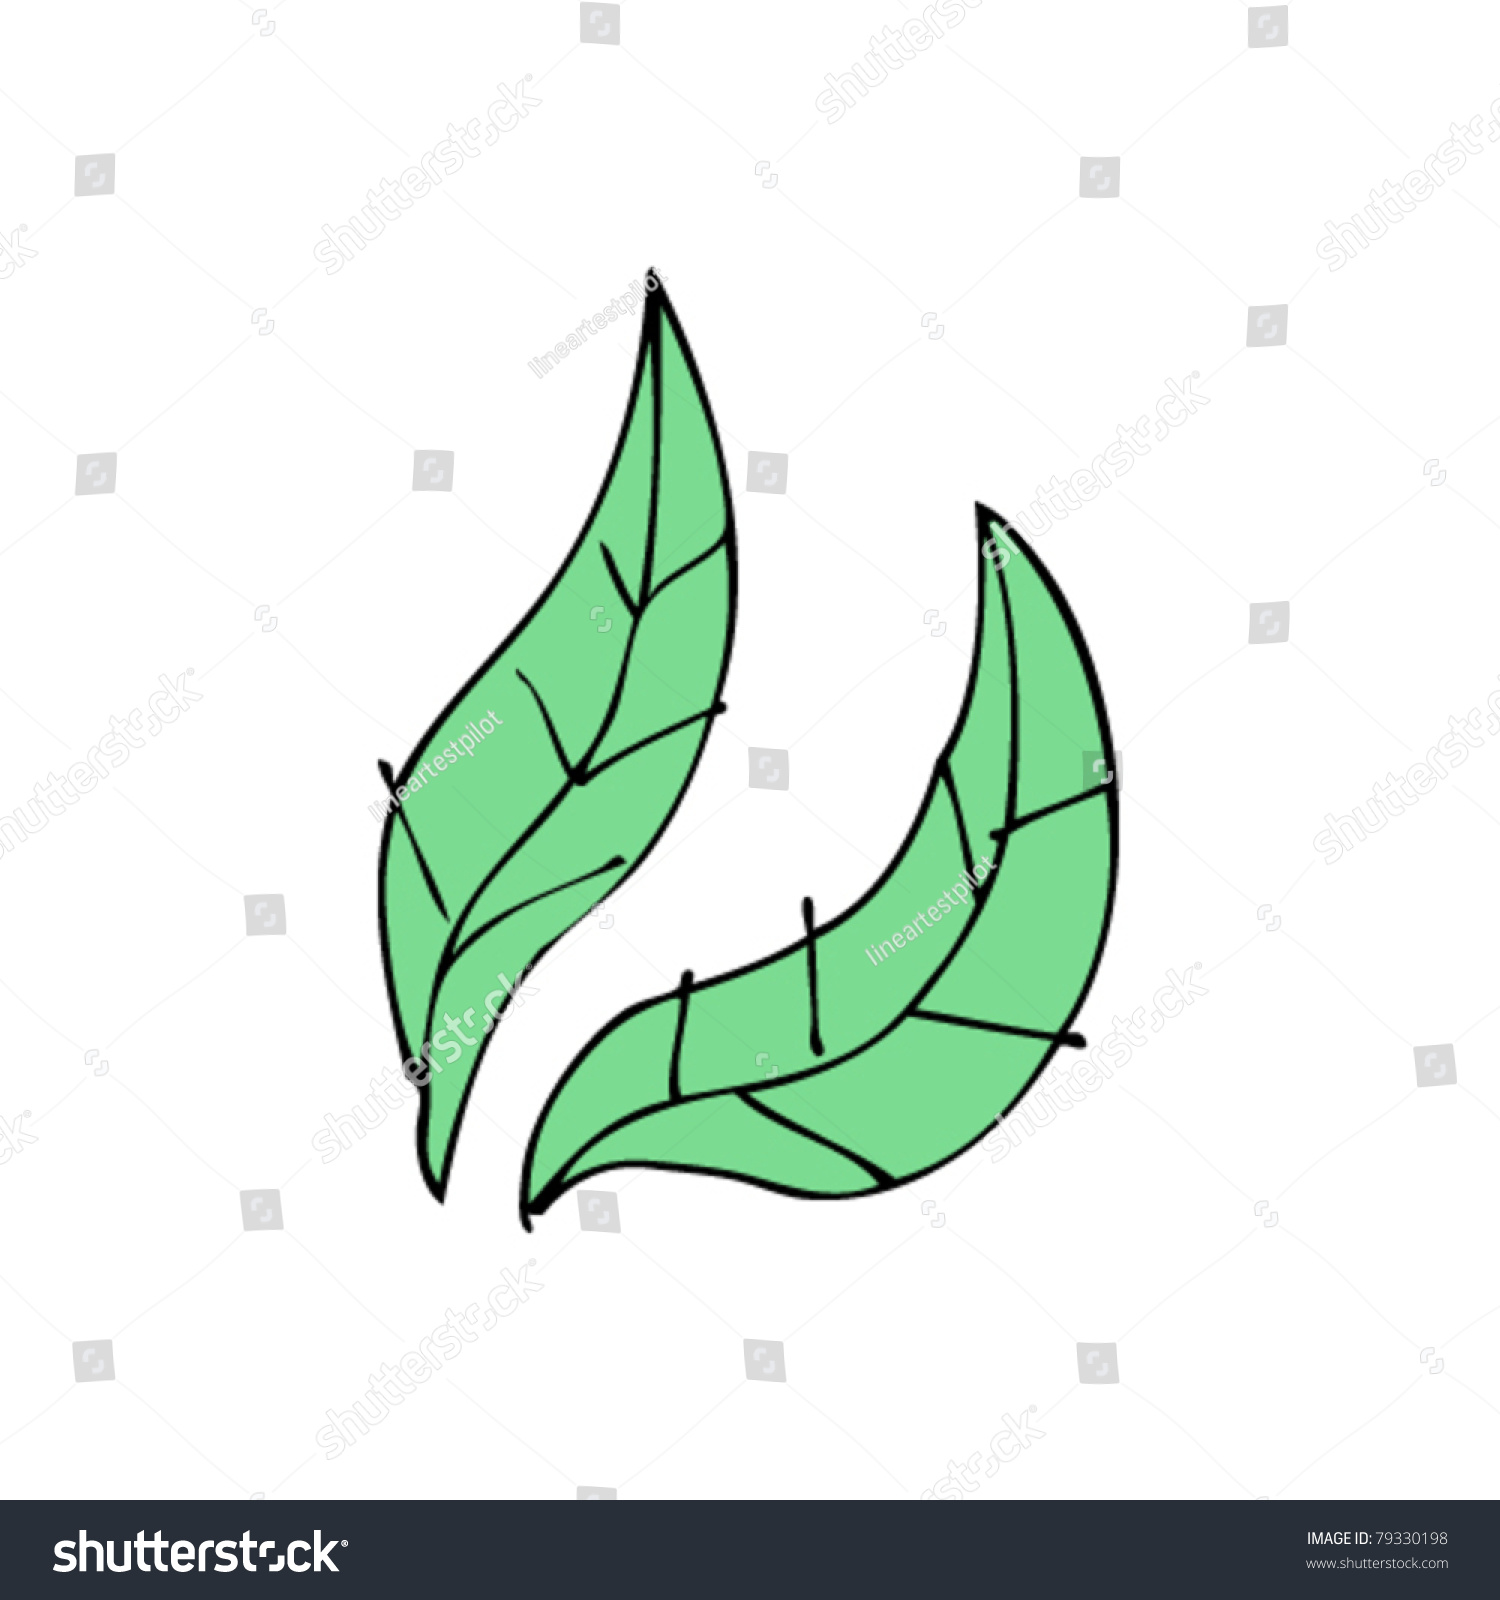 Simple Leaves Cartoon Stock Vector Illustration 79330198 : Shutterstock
---------------
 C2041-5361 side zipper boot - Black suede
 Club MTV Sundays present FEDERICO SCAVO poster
---------------
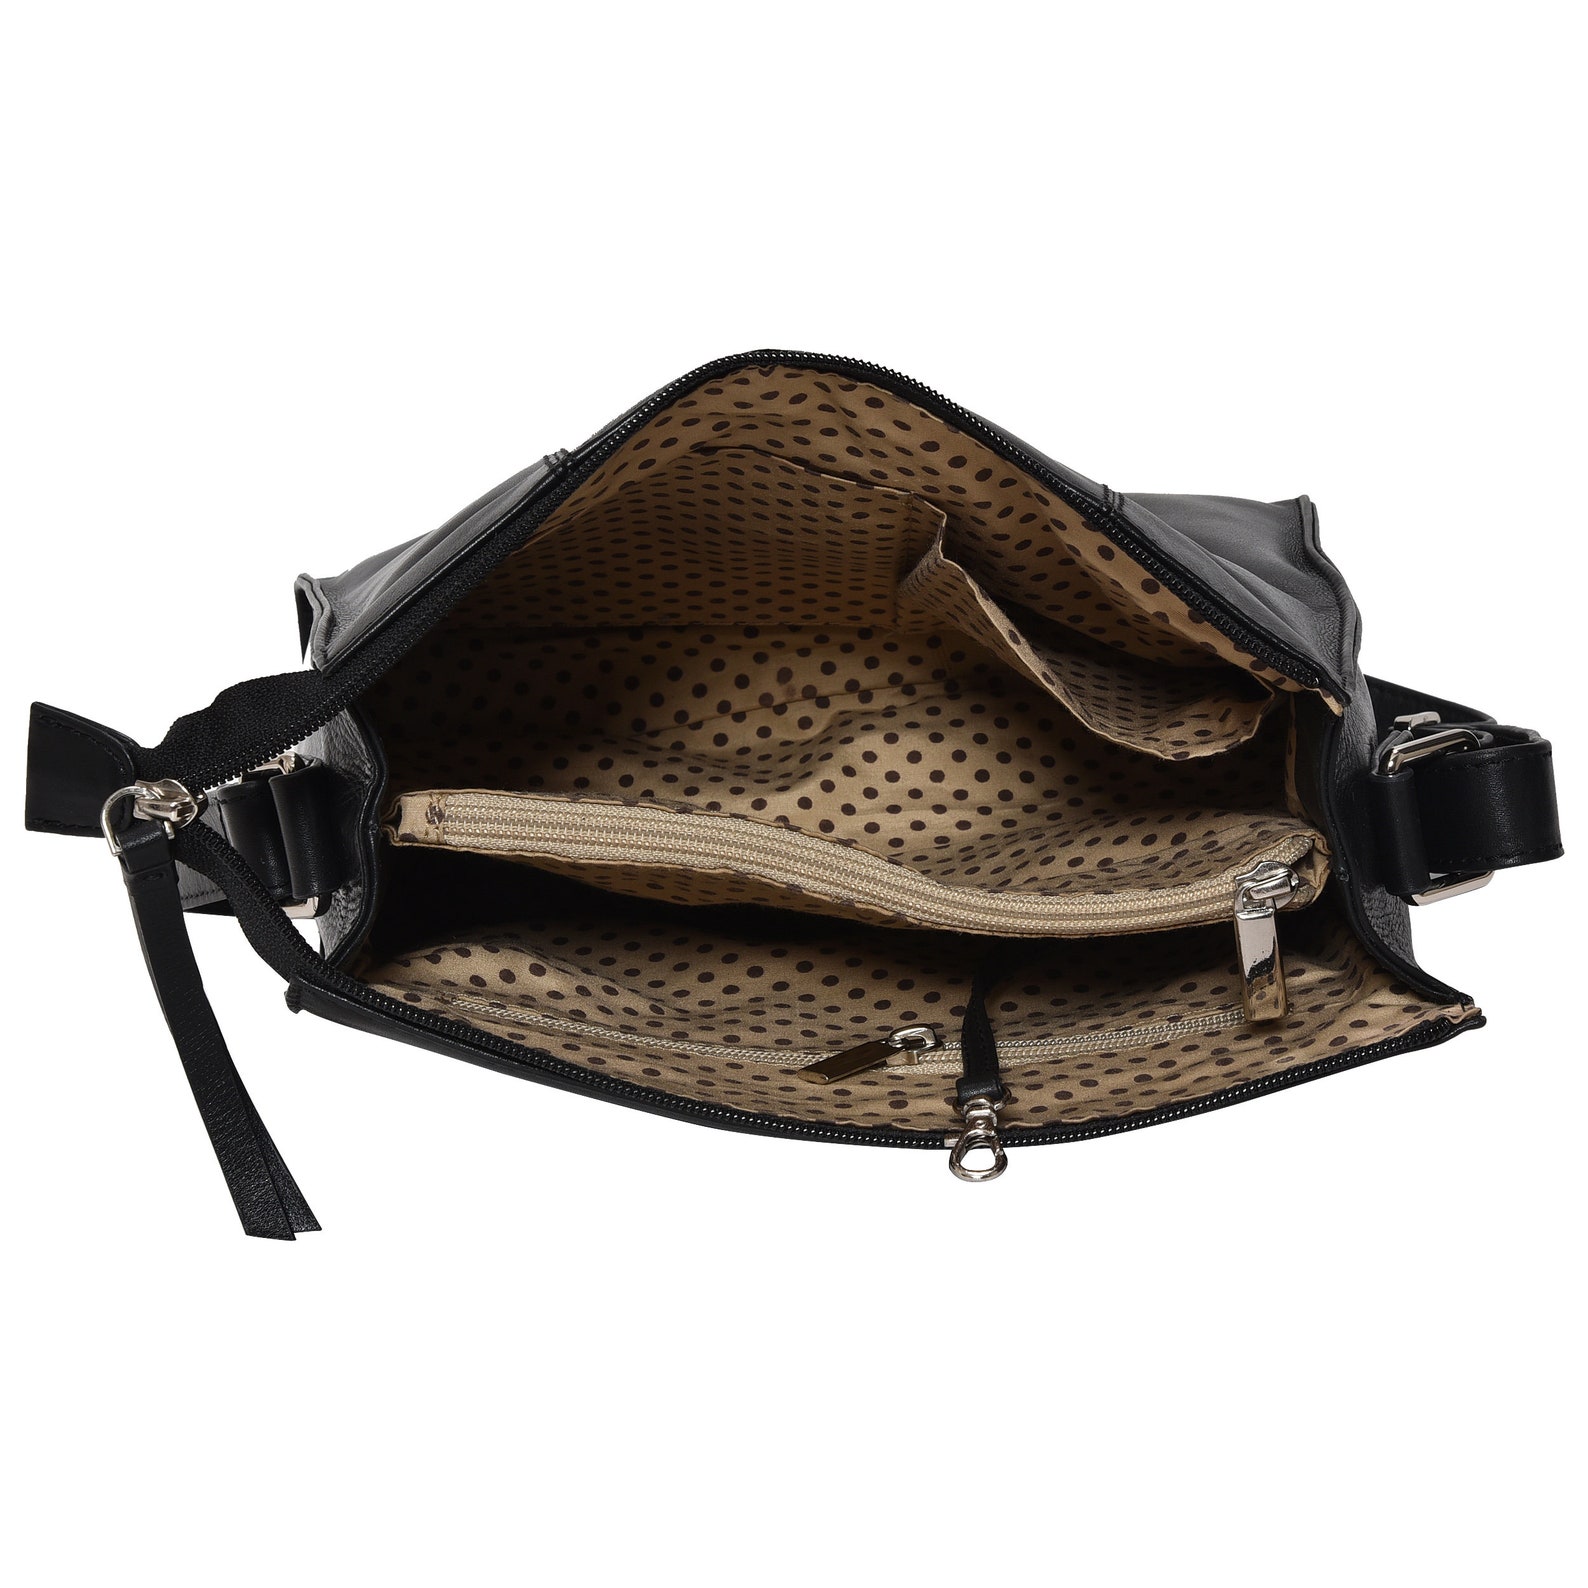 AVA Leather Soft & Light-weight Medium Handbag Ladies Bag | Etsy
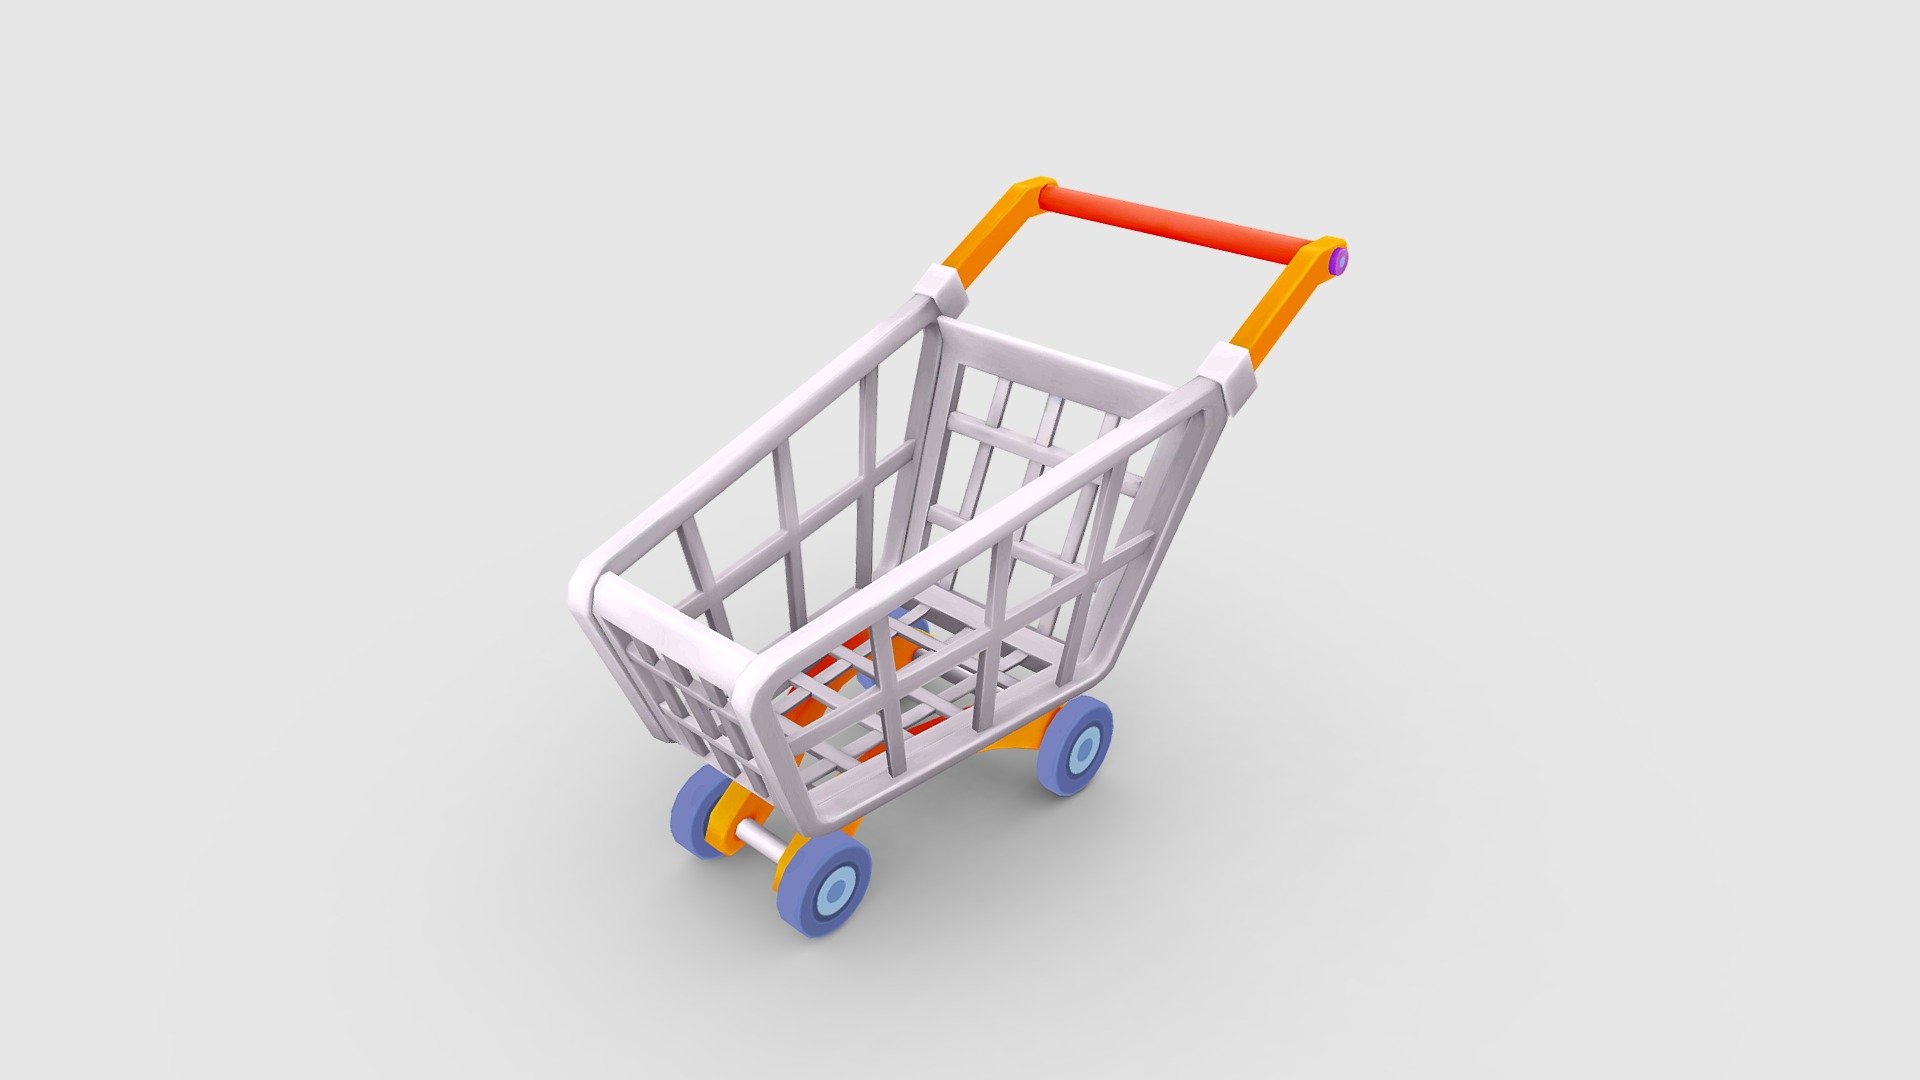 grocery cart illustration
---------------
In the records above, find the line containing "AVA Leather Soft" and the line containing "grocery cart illustration", then give both of them again word for word along with every line between. Omit any pictures.

ANSWER BELOW.
 AVA Leather Soft & Light-weight Medium Handbag Ladies Bag | Etsy
 grocery cart illustration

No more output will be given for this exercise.